Ce qu'il faut retenir à la lumière de l'article 633.1 du CSR qui a préséance sur la LAAQ, c'est qu'en cas d'accident causé par un véhicule autonome dans le cadre d'un projet-pilote, le gouvernement du Québec a décidé de laisser au ministre la possibilité de tenir le fabricant du véhicule responsable des dommages qui pourraient survenir. Cependant, nous croyons que les lignes directrices entourant cette disposition devront être définies pour clarifier notamment l’exigence de preuve quant à la conclusion d’une responsabilité à l'encontre du fabricant.

Conclusion

Bien que les récents changements législatifs représentent un pas dans la bonne direction, plusieurs aspects tels la cybersécurité, la protection des renseignements personnels, les infrastructures, les assurances et la responsabilité ne sont toujours pas, à ce jour, régis par un cadre législatif. Nous espérons que la sortie récente du Rapport incitera le gouvernement du Québec à revoir ses lois et à prévoir d’autres modifications à apporter au CSR ainsi qu’à la LAAQ en matière de conduite autonome sur une base proactive. Reste à savoir quels impacts ces modifications auront en matière de sécurité, d’assurance et de responsabilité.

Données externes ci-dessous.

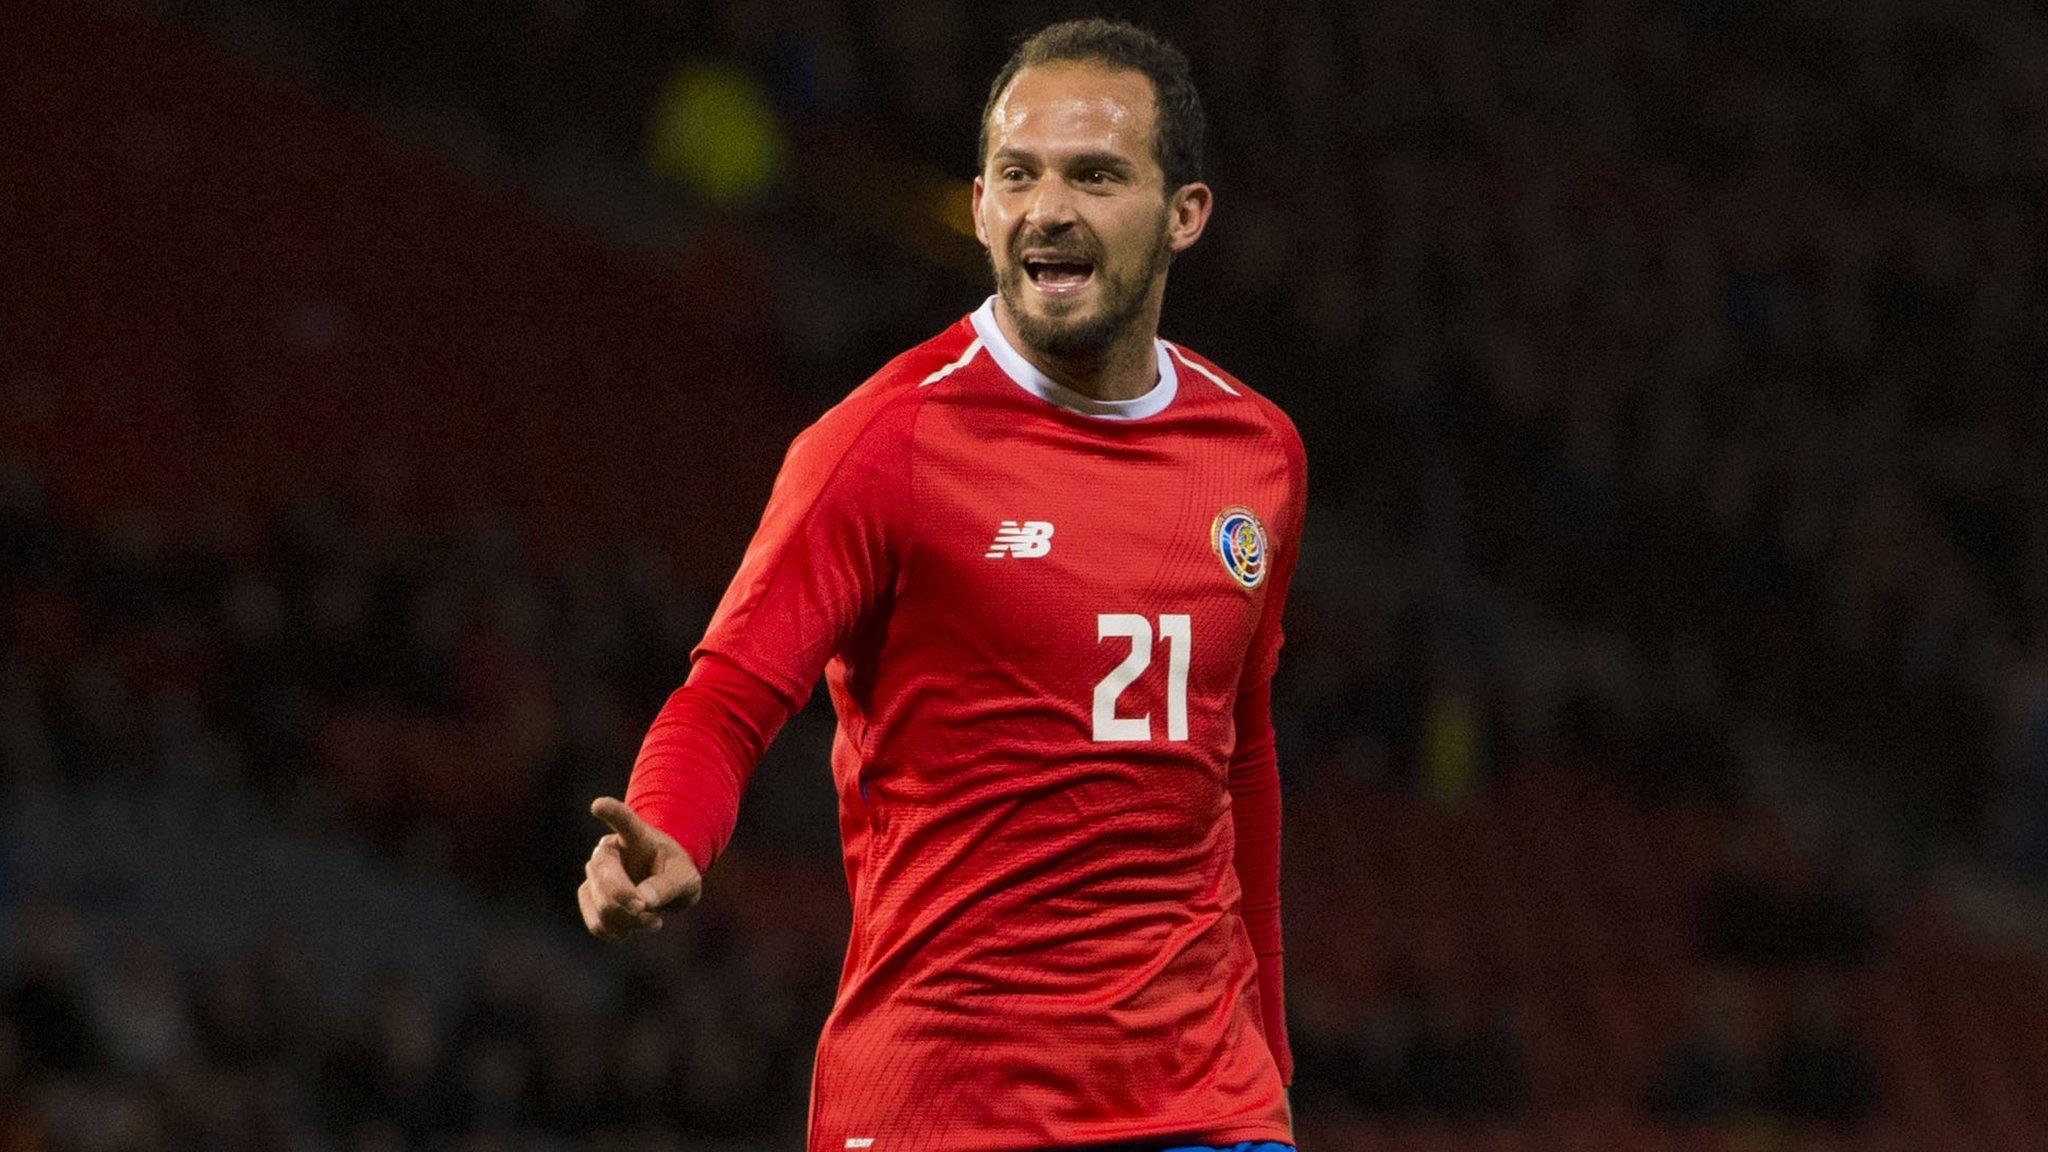 Scotland lose to Costa Rica on McLeish's return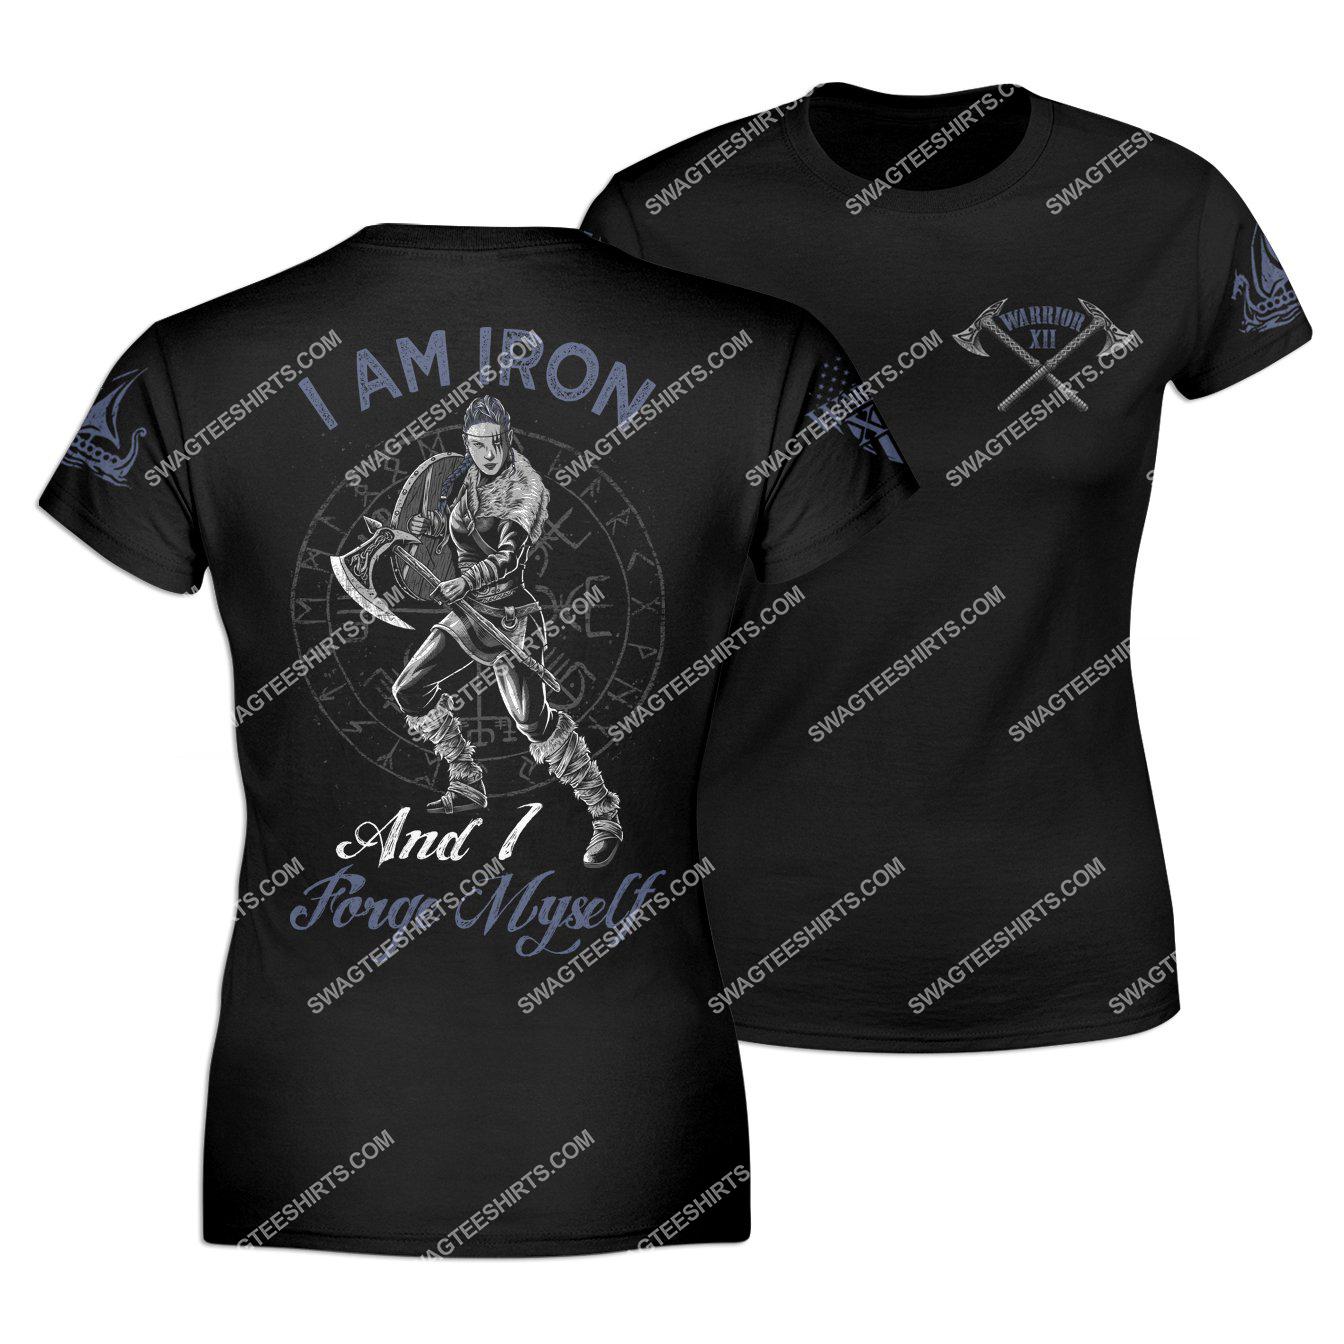 i am iron and i forge myself viking warrior shirt 1 - Copy

1 Comité sénatorial permanent des transports et des communications, « Paver la voie : technologie et futur du véhicule automatisé », Ottawa (29 janvier 2018) [Rapport]

2 LQ 2018, c 7

3 RLRQ, c C-24.2.

4 PL 165, Loi modifiant le Code de la sécurité routière et d’autres dispositions, 1e sess, 41e  lég, 2017 [Projet de loi].

5 LQ 2018, c 7, art. 4

6 La Société des ingénieurs automobiles (SAE) a défini en 2014 un langage commun et un standard (J3016) pour classifier les véhicules autonomes. Le niveau 0 réfère à une conduite automobile contrôlée à 100 % par le conducteur tandis que le niveau 5 correspond au degré d’automatisation le plus élevé qui ne nécessite aucune intervention humaine. Voir un article de Kevin LaRoche et Robert Love de chez BLG, Autonomous Vehicles, 2016. En savoir plus.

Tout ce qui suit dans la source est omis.